The given distribution shows the number of runs scored by some top batsman of the world in one- day international cricket matches.

Runs scored

Number of batsmen

\(3000 – 4000\)

\(4000 – 5000\)

\(5000 – 6000\)

\(6000 – 7000\)

\(7000 – 8000\)

\(8000 – 9000\)

\(9000 – 10000\)

\(10000 –11000\)

\(4\)

\(18\)

\(9\)

\(7\)

\(6\)

\(3\)

\(1\)

\(1\)

Find the mode of the data.

Text Solution

What is known?

The number of runs scored by some top batsman of the world in one- day international cricket matches.

What is unknown?

The mode of the data.

Reasoning:

Modal Class is the class with highest frequency

Mode \( = l + \left( {\frac{{{f_1} - {f_0}}}{{2{f_1} - {f_0} - {f_2}}}} \right) \times h\)

Where,

Class size,\(h\)

Lower limit of modal class,\(l\)

Frequency of modal class,\(f_1\)

Frequency of class preceding modal class,\(f_0\)

Frequency of class succeeding the modal class,\(f_2\)

Steps:

From the table, it can be observed that the maximum class frequency is \(18,\) belonging to class interval \(4000 − 5000\)

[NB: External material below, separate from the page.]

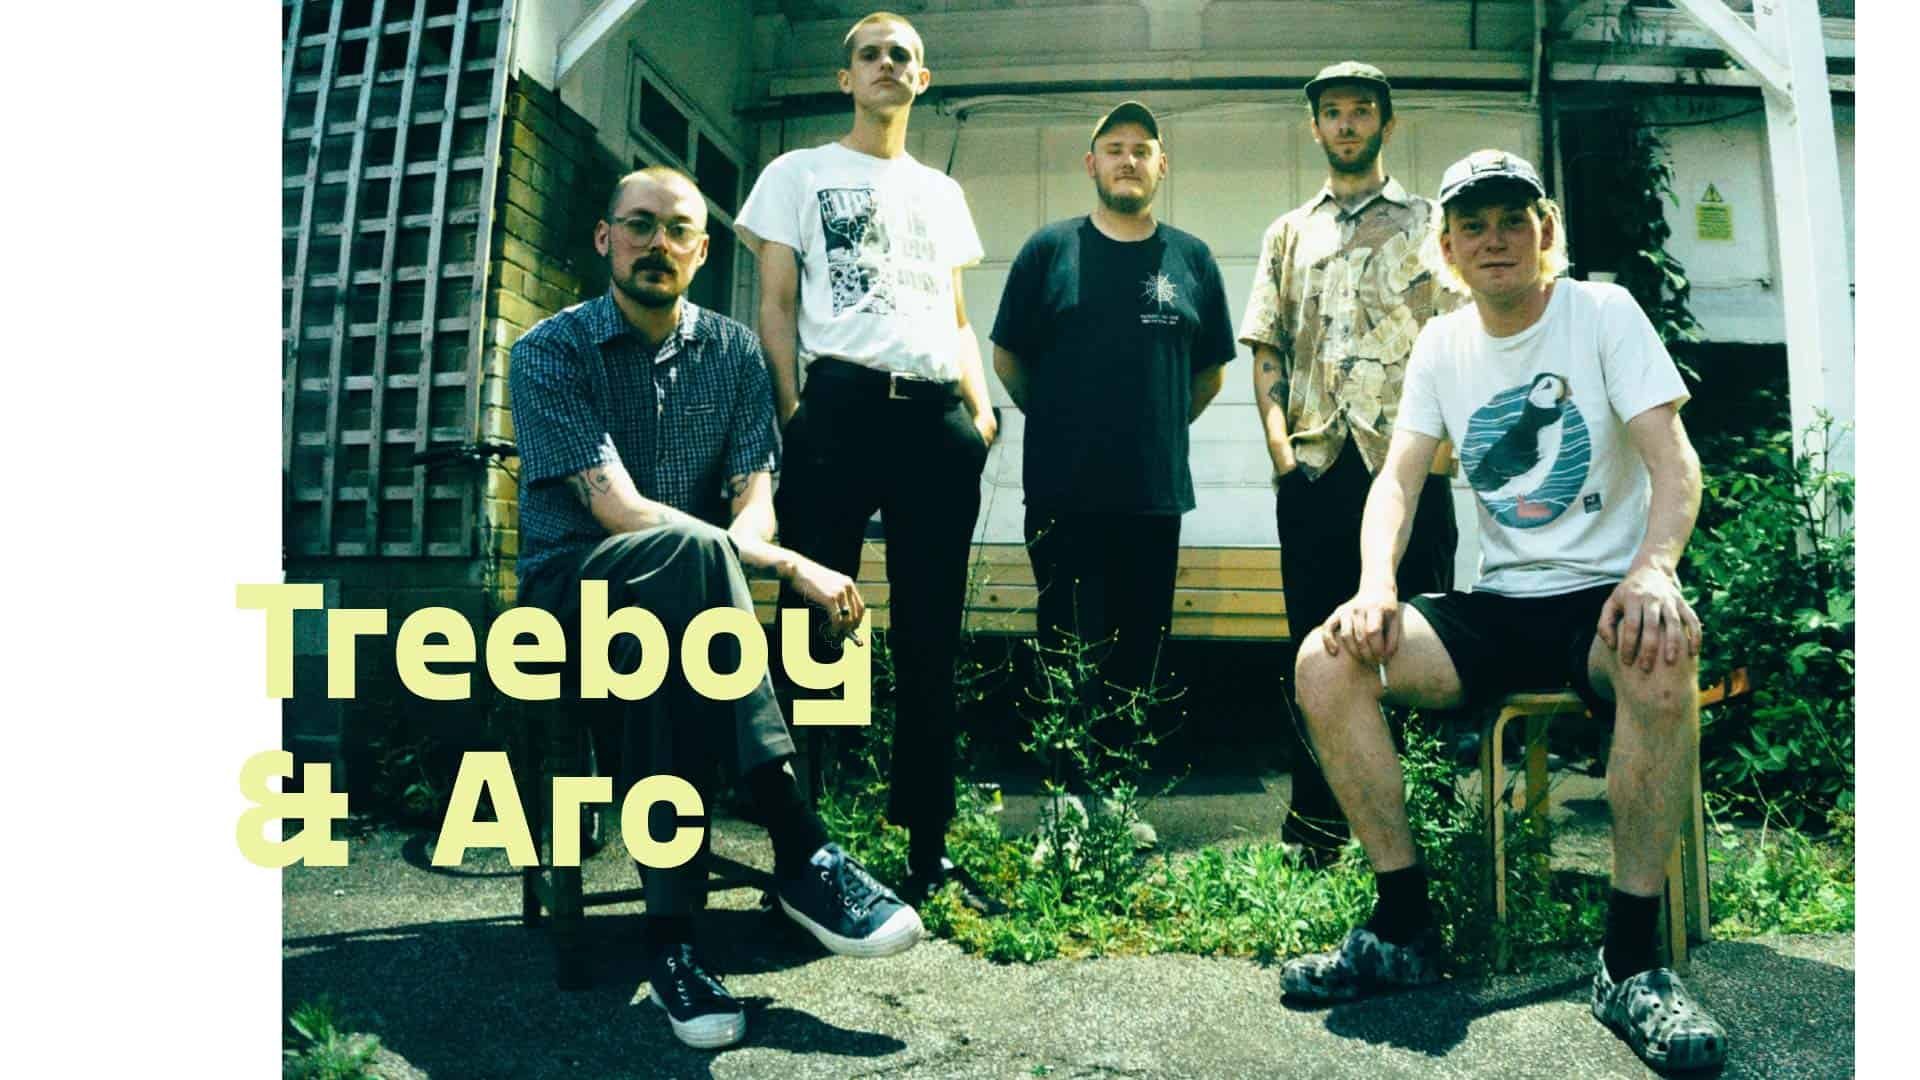 A photo of the band Treeboy & Arc

Therefore, Modal class\(=4000 − 5000\)

Class size,\(h=1000\)

Lower limit of modal class,\(l=4000\)

Frequency of modal class,\(f_1=18\)

Frequency of class preceding modal class,\(f_0=4\)

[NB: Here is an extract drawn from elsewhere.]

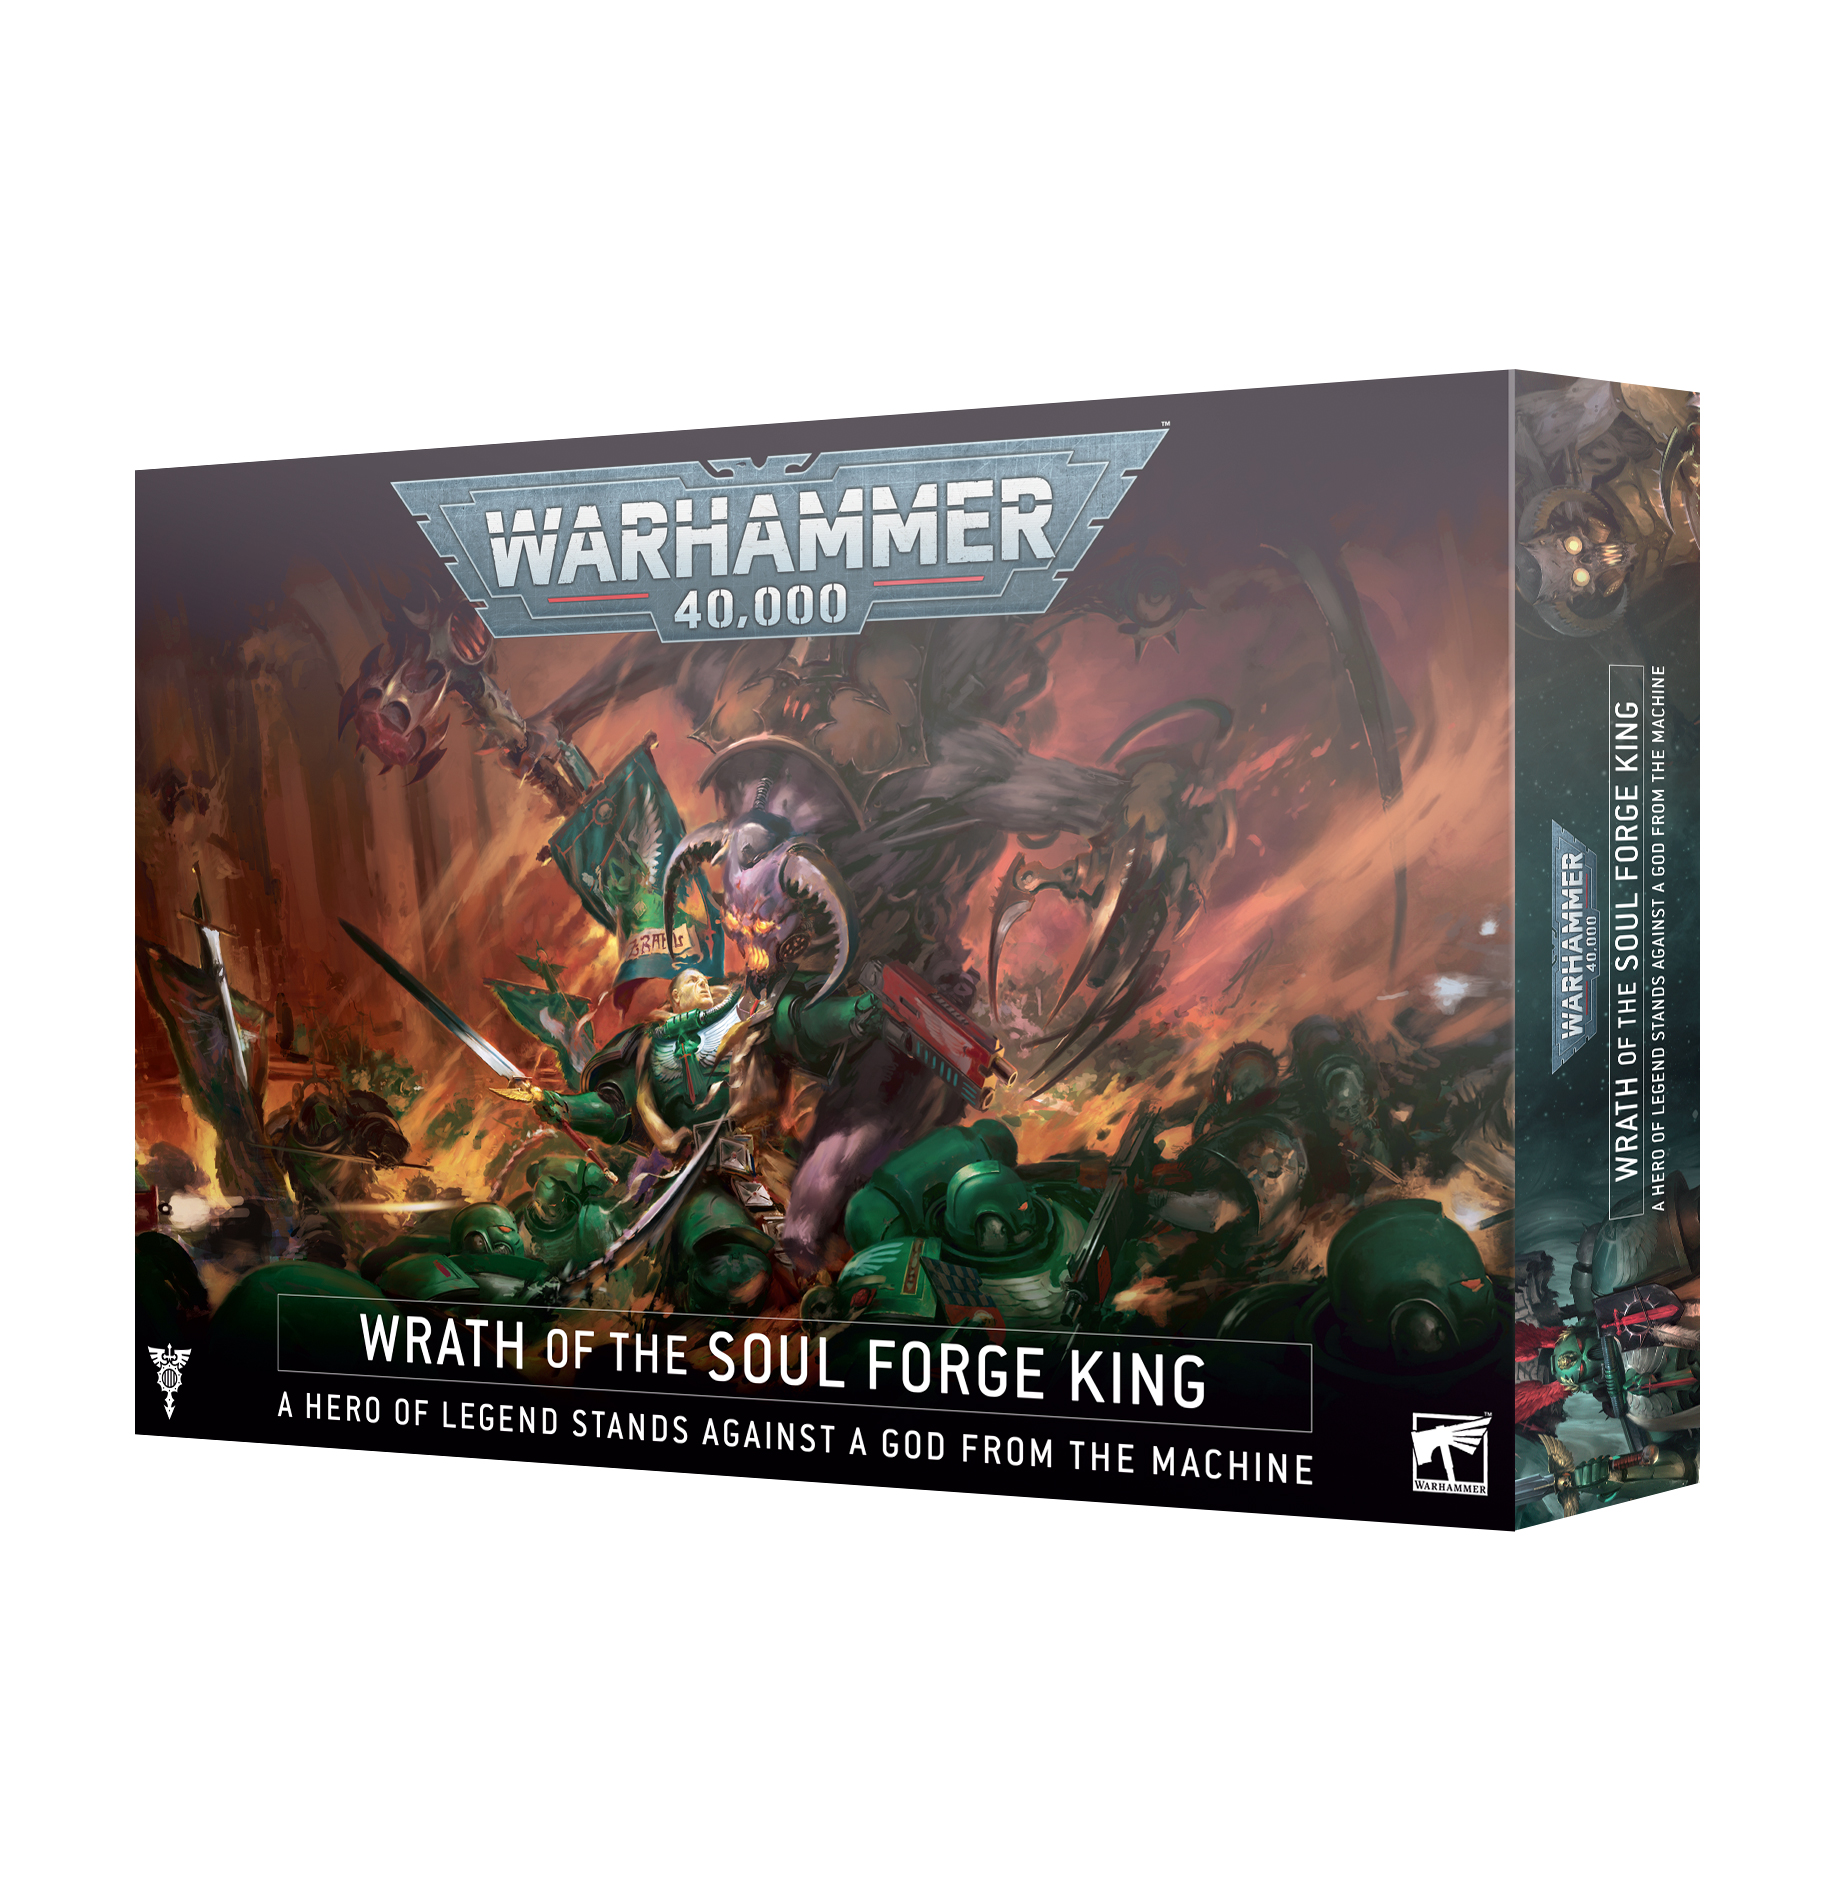 Warhammer 40,000: Wrath of the Soulforge King

Frequency of class succeeding the modal class,\(f_2=9\)

Mode \( = l + \left( {\frac{{{f_1} - {f_0}}}{{2{f_1} - {f_0} - {f_2}}}} \right) \times h\)

\[\begin{array}{l}
 = 4000 + \left( {\frac{{18 - 4}}{{2 \times 18 - 4 - 9}}} \right) \times 1000\\
 = 4000 + \left( {\frac{{14}}{{36 - 13}}} \right) \times 1000\\
 = 4000 + \frac{{14}}{{23}} \times 1000\\
 = 4000 + 608.695\\
 = 4608.695\\
 = 4608.7
\end{array}\]

Hence the mode is \(4608.7\)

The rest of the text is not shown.